__Data in this exercise__.

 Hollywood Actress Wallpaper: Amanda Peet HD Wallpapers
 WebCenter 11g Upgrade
---
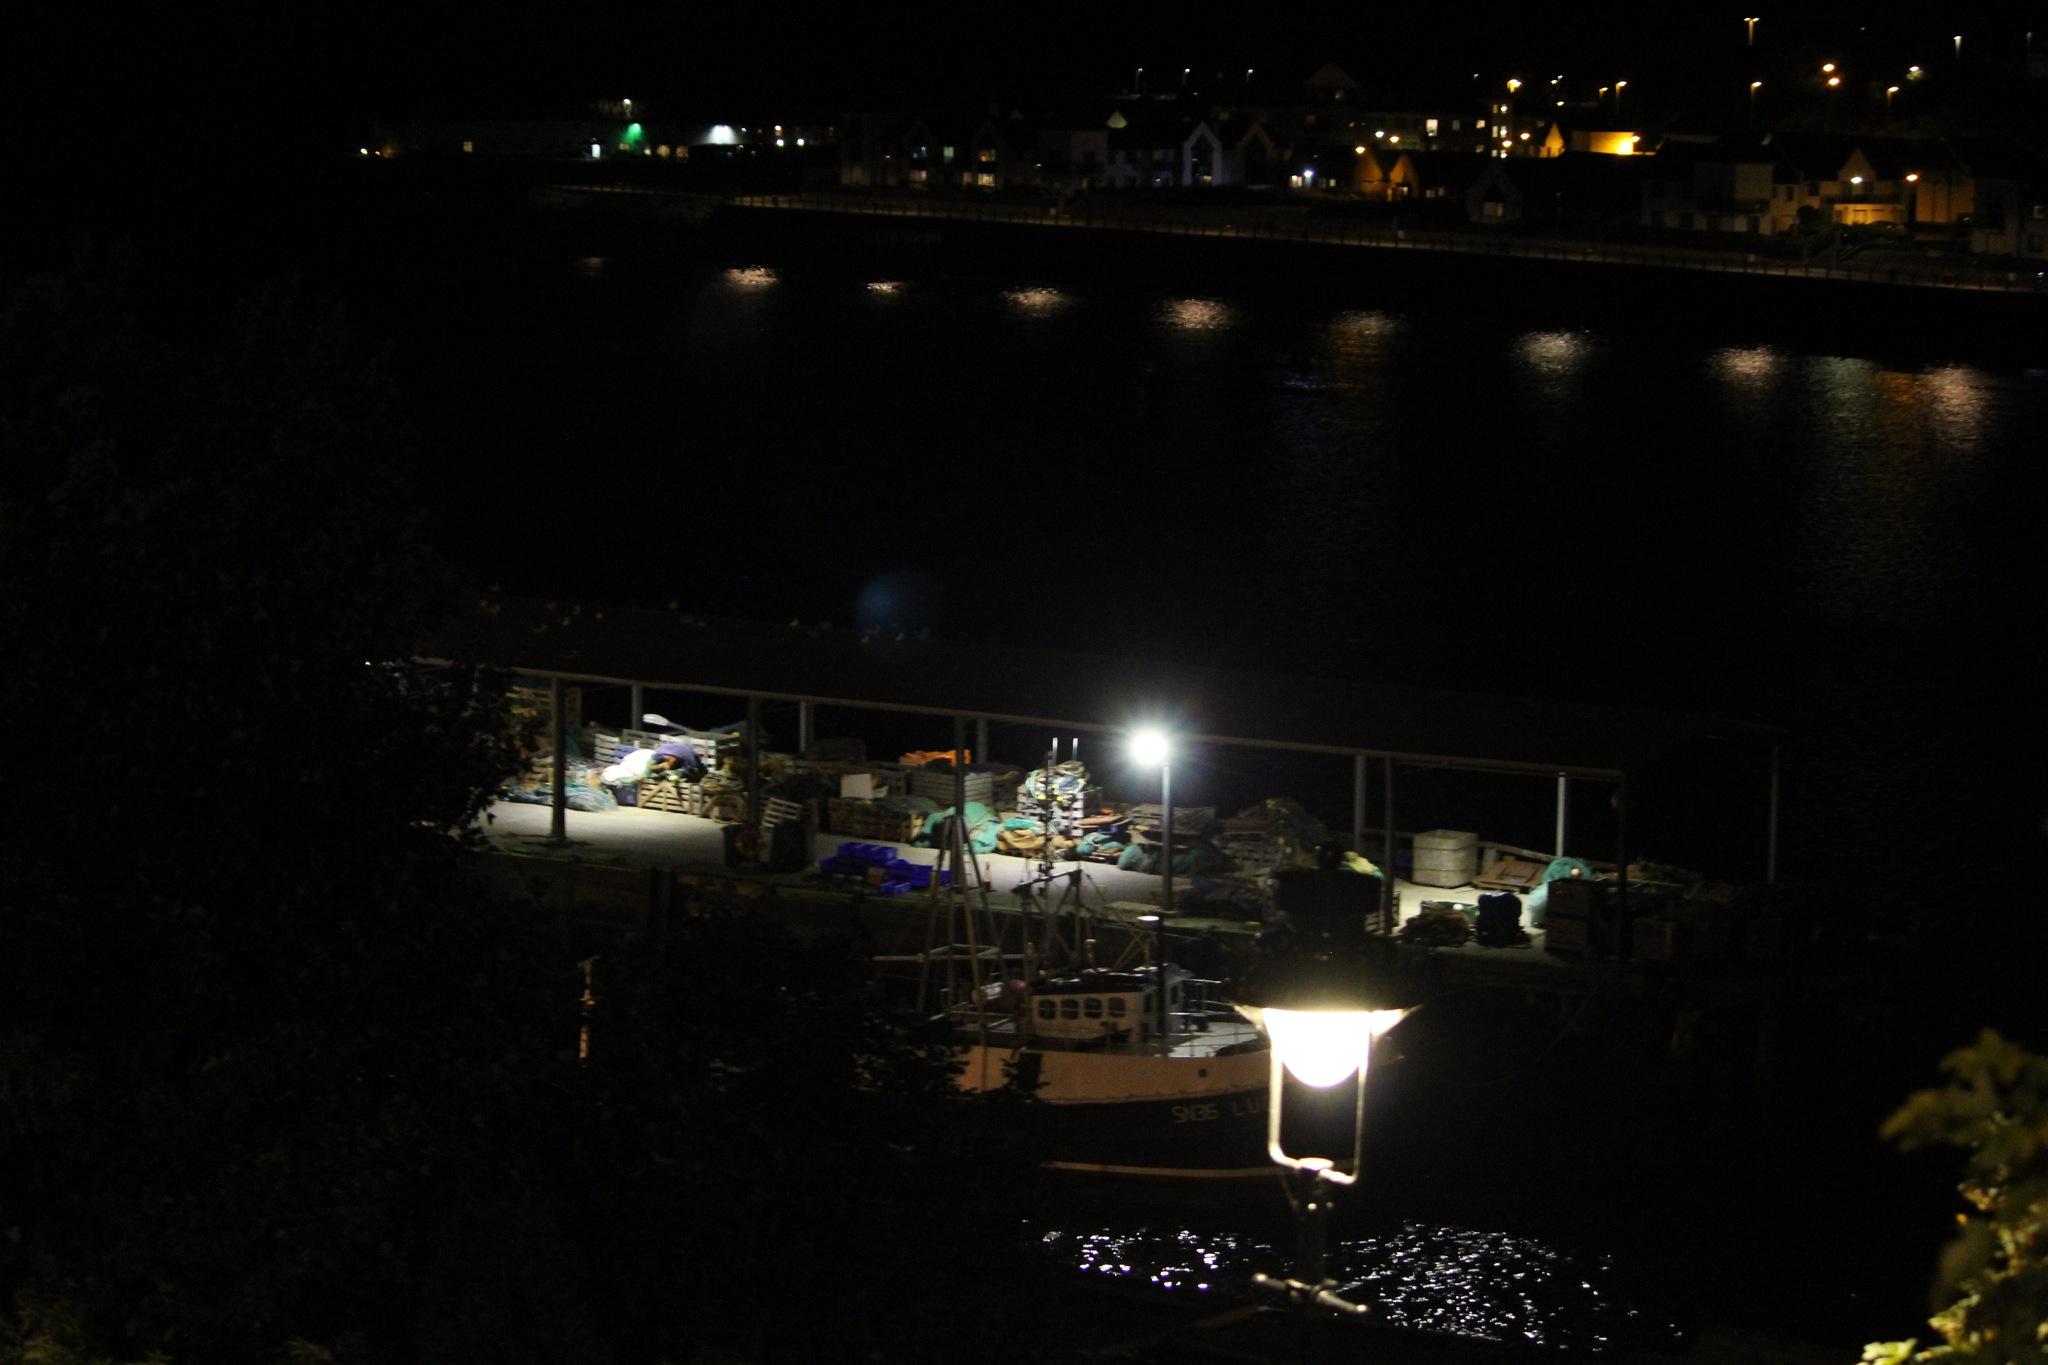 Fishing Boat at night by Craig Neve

__Work to complete__.
Above are the entries. Output exactly the lines beginning with the line that has "Hollywood Actress Wallpaper: Amanda" and ending with the line that has "WebCenter 11g Upgrade".

__Task solution__.
 Hollywood Actress Wallpaper: Amanda Peet HD Wallpapers
 WebCenter 11g Upgrade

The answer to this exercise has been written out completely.